論文メモ - tokumei_meerkatのブログ

Overview and Evaluation of Sound Event Localization and Detection in DCASE 2019 2019年のDCASE challengeの総評。
Intra-Utterance Similarity Preserving Knowledge Distillation for Audio Tagging Audio taggingタスク。サンプル単位でのhidden vectorの類似度を図るsimilarity preserving KDを発展させ、サンプル内のフレーム間類似度をもとめるintra-utterance similarity preserving KDを提案。teacher modelとstudentモデルでこれを計算し、MSE lossを最小化させる。
Feature space Augmentation for Long-Tailed Data 画像分野での、imbalanced dataに対する特徴量空間でのdata augmentation。

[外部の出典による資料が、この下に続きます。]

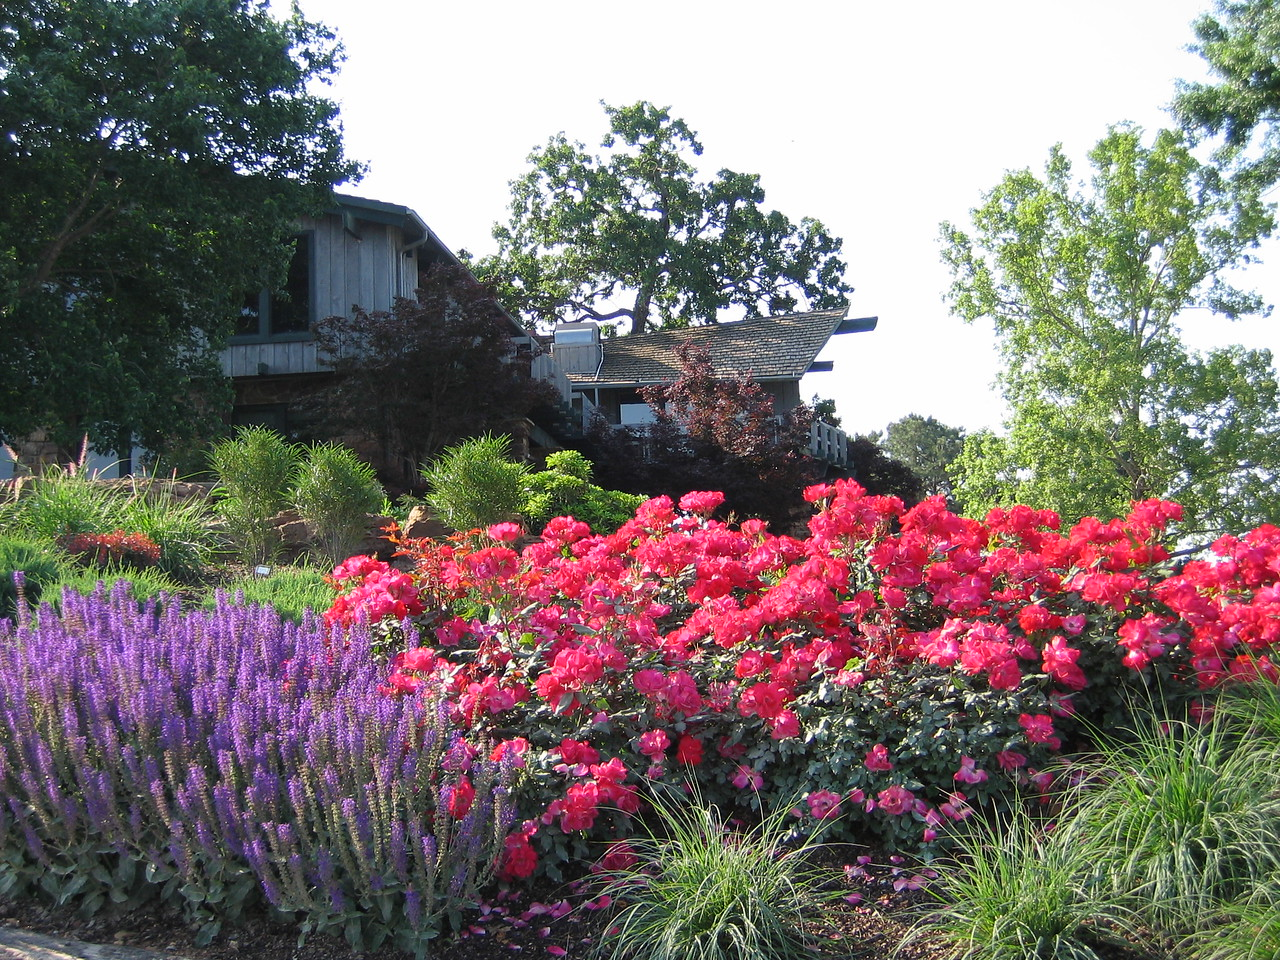 Knock Out® Rose PP11836 http://www.greenleafnursery.com/index.cfm/fuseaction/plants.plantDetail/plant_id/3751/index.htm

CAMを用いて判断根拠となっている部分とそうではない部分に分け、後者をいじる。
StoRIR: Stochastic Room Impulse Response Generation for Audio Data Augmentation data augmentation用に重畳音声を作成させる。オープンソース。 https://github.com/SRPOL-AUI/storir
Open-set Short Utterance Forensic Speaker Verification using Teacher-Student Network with Explicit Inductive Bias 長時間発話データで話者照合モデルを作成し、短時間発話用モデルをteacher student learningで学習。更新時の重みを対象に正則化こうをつける。
Sound Event Localization and Detection based on CRNN using Dense Rectangular Filters and Channel Rotation Data Augmentation sound event localicationに特化したdata augmentation。チャネルのスワッピング、方位角の回転。
Exploiting Spectral Augmentation for Code-Switched Spoken Language Identification code switching speechを対象としたLID(lanugage identification)タスクに特化したdata augmentation。SpecAugmentを参考に特定言語部分のスペクトルをマスクし、マスクしたスペクトルと対応する部分をマスクした言語ラベルを新たなサンプルとする。
Dice Loss for Data-imbalanced NLP Tasks F値を最終的な評価指標とするタスクをCEで解くと、accとF値に乖離が生じる。そのため、ダイス係数(=F1 score)をもとにした誤差関数を提案。(F値を使用するタスクで有効。accuracyが最終的な評価指標の場合はCEと使い分ける。)
Knowing What to Listen to: Early Attention for Deep Speech Representation Learning STFTの(時間軸方向ではなく)周波数ビンを対象にattentionをかける。モデルの初期段階でattentionをかけられることが他手法と異なると主張。